* **What needs to be done**:
From the entries below, transcribe exactly the lines between the line holding "Las Nenas (feat." and the line holding "Deuline Oslo Esszimmerstuhl", inclusive; skip all other lines.

* **Task data**:

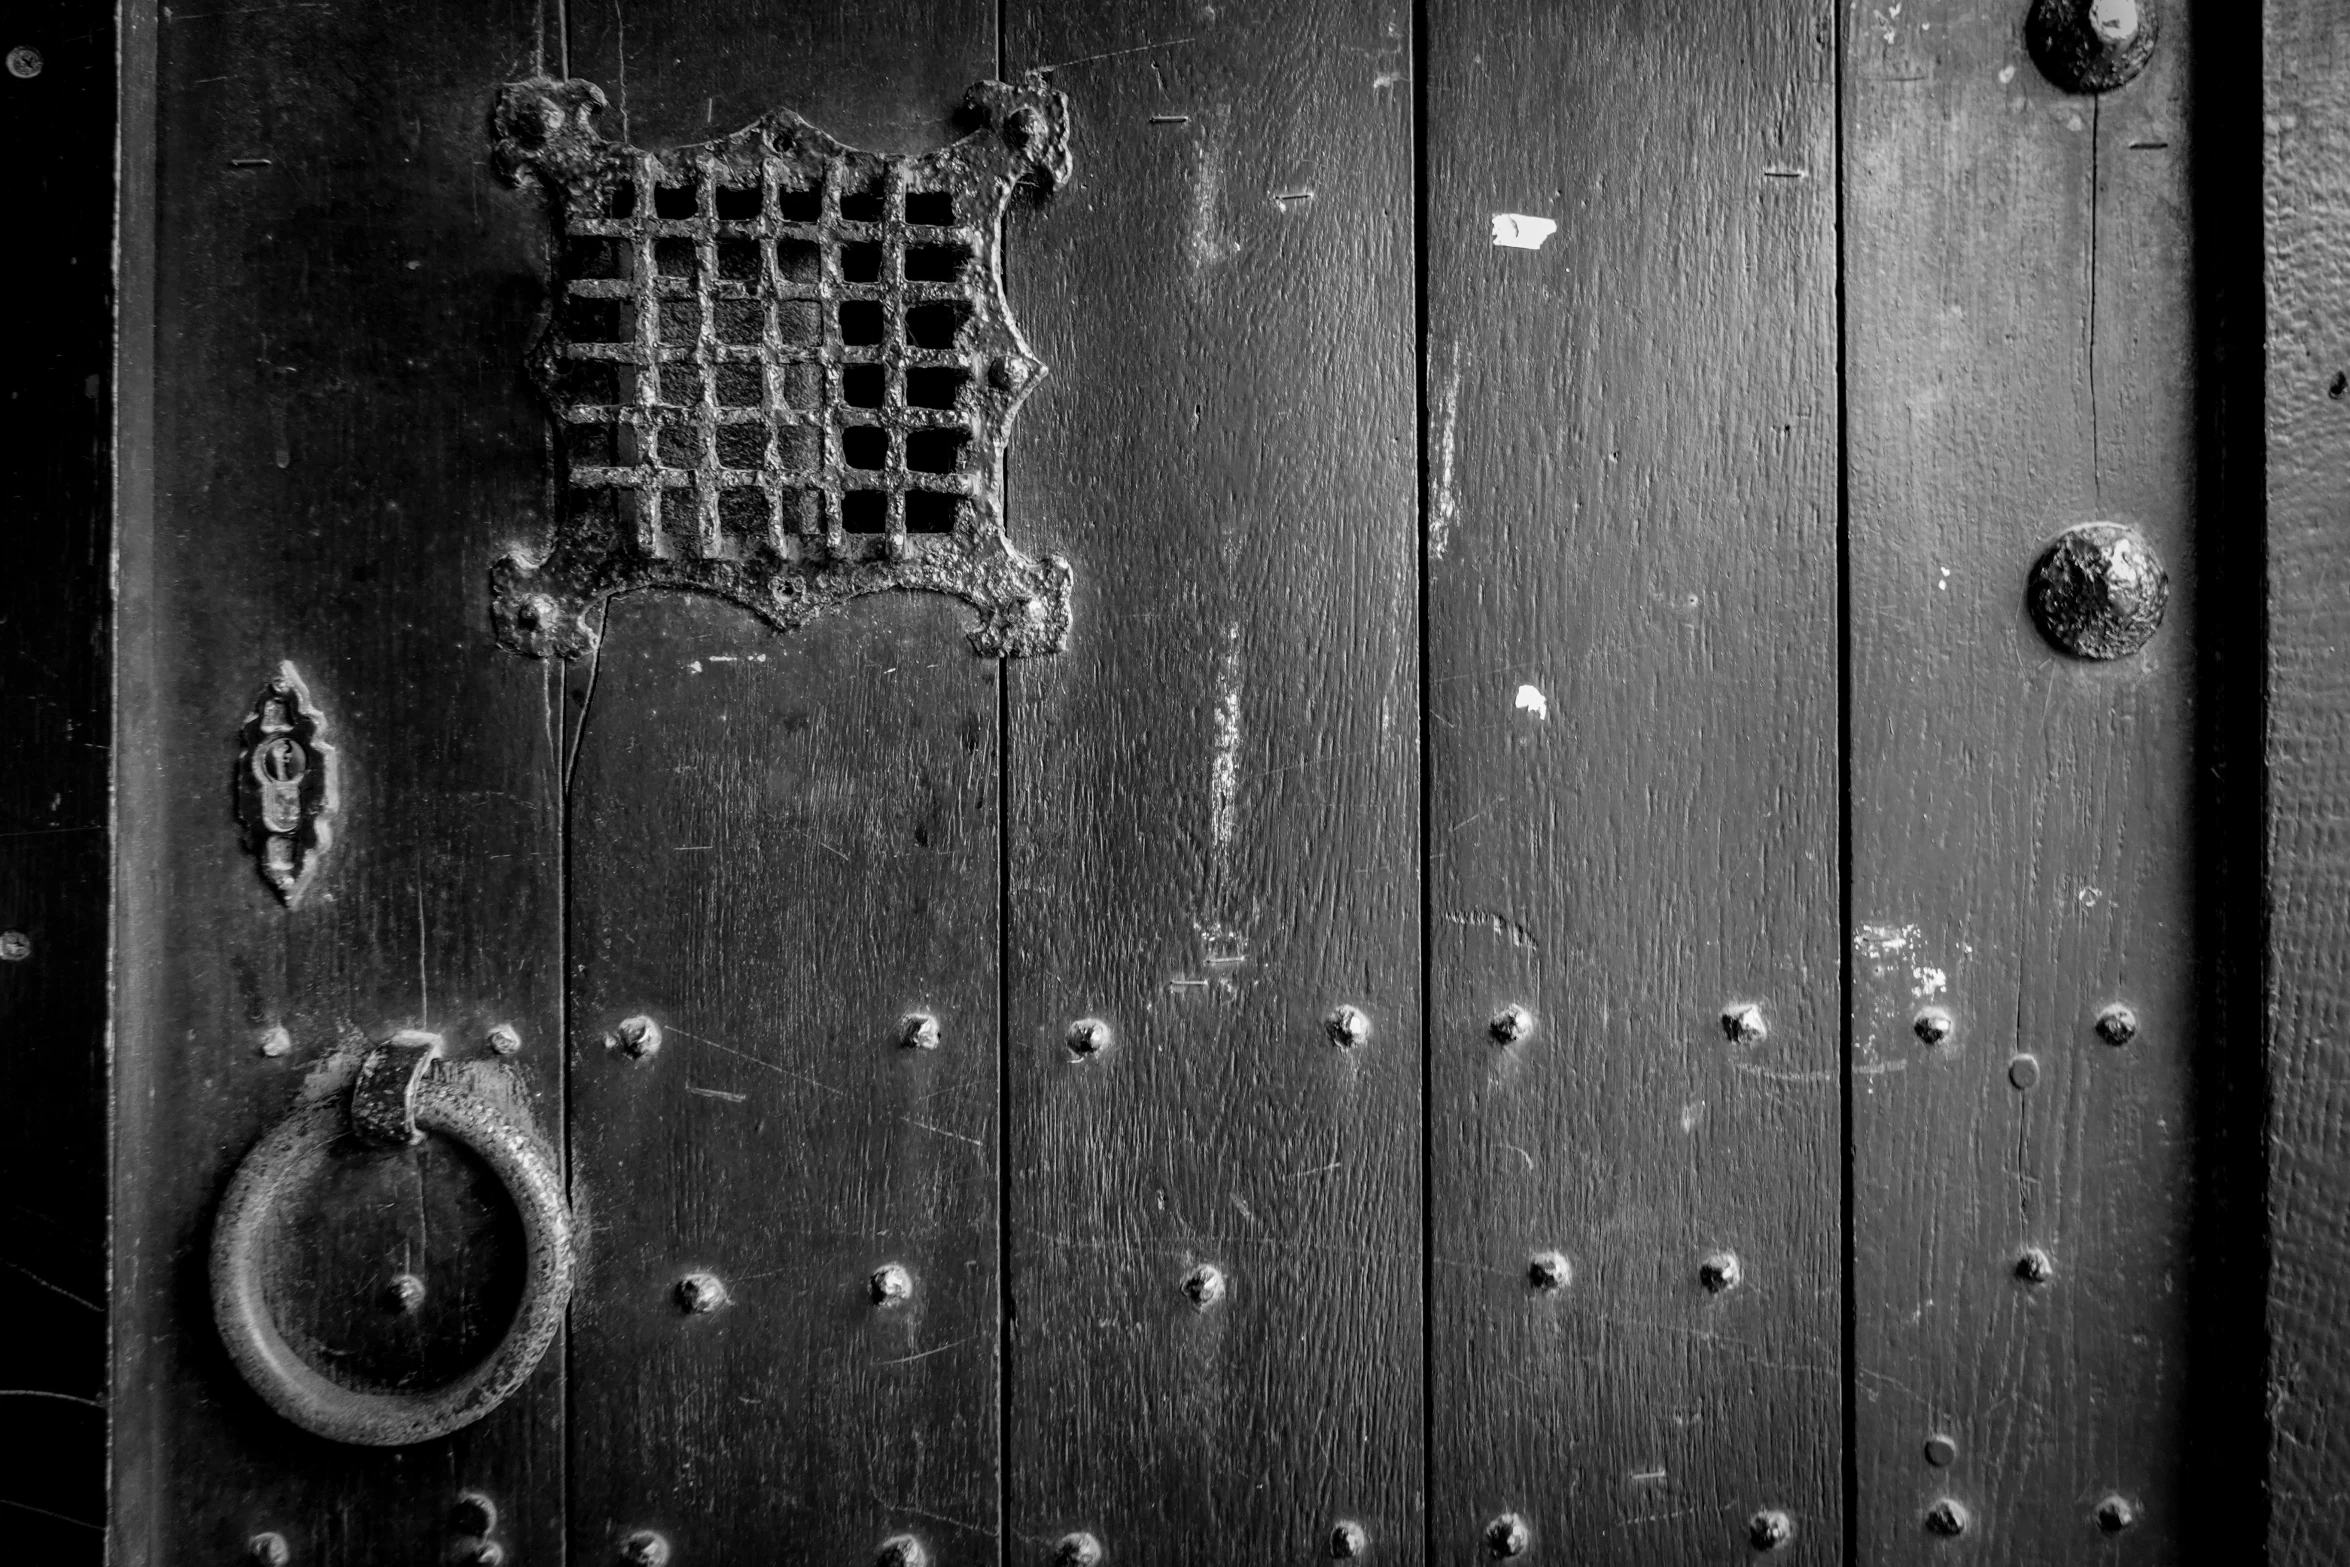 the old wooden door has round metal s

--

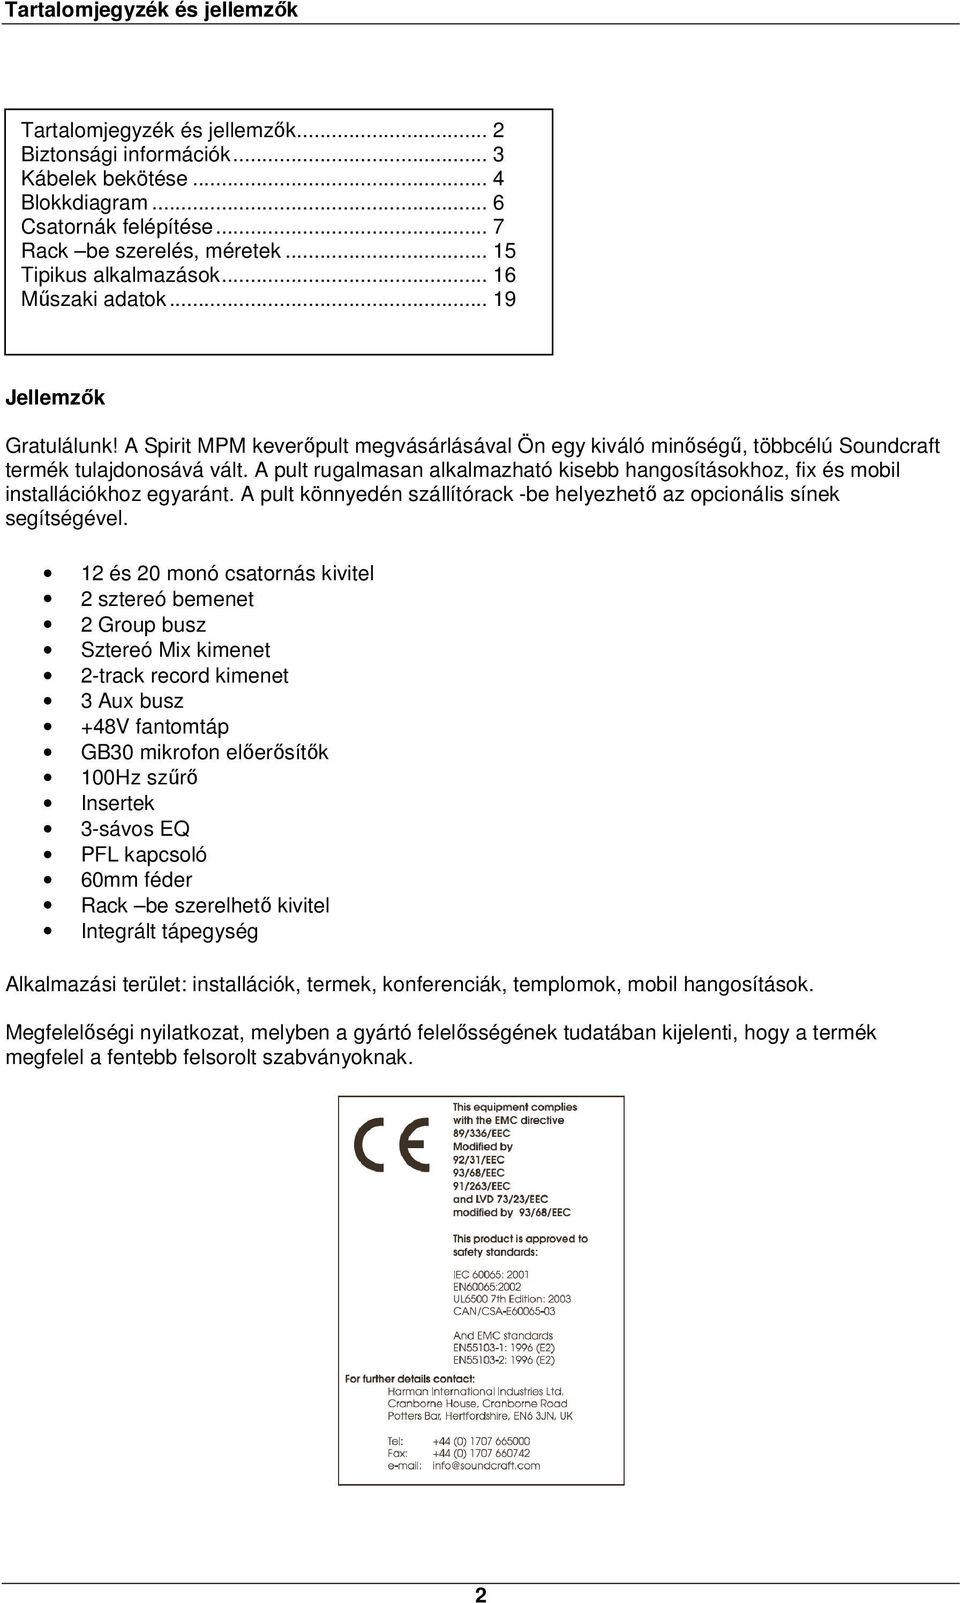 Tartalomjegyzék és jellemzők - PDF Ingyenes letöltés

--

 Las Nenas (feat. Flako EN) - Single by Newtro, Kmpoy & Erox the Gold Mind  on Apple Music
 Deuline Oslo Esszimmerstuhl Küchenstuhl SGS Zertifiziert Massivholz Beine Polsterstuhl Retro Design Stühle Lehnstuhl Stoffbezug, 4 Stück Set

* **Result for this exercise**:
 Las Nenas (feat. Flako EN) - Single by Newtro, Kmpoy & Erox the Gold Mind  on Apple Music
 Deuline Oslo Esszimmerstuhl Küchenstuhl SGS Zertifiziert Massivholz Beine Polsterstuhl Retro Design Stühle Lehnstuhl Stoffbezug, 4 Stück Set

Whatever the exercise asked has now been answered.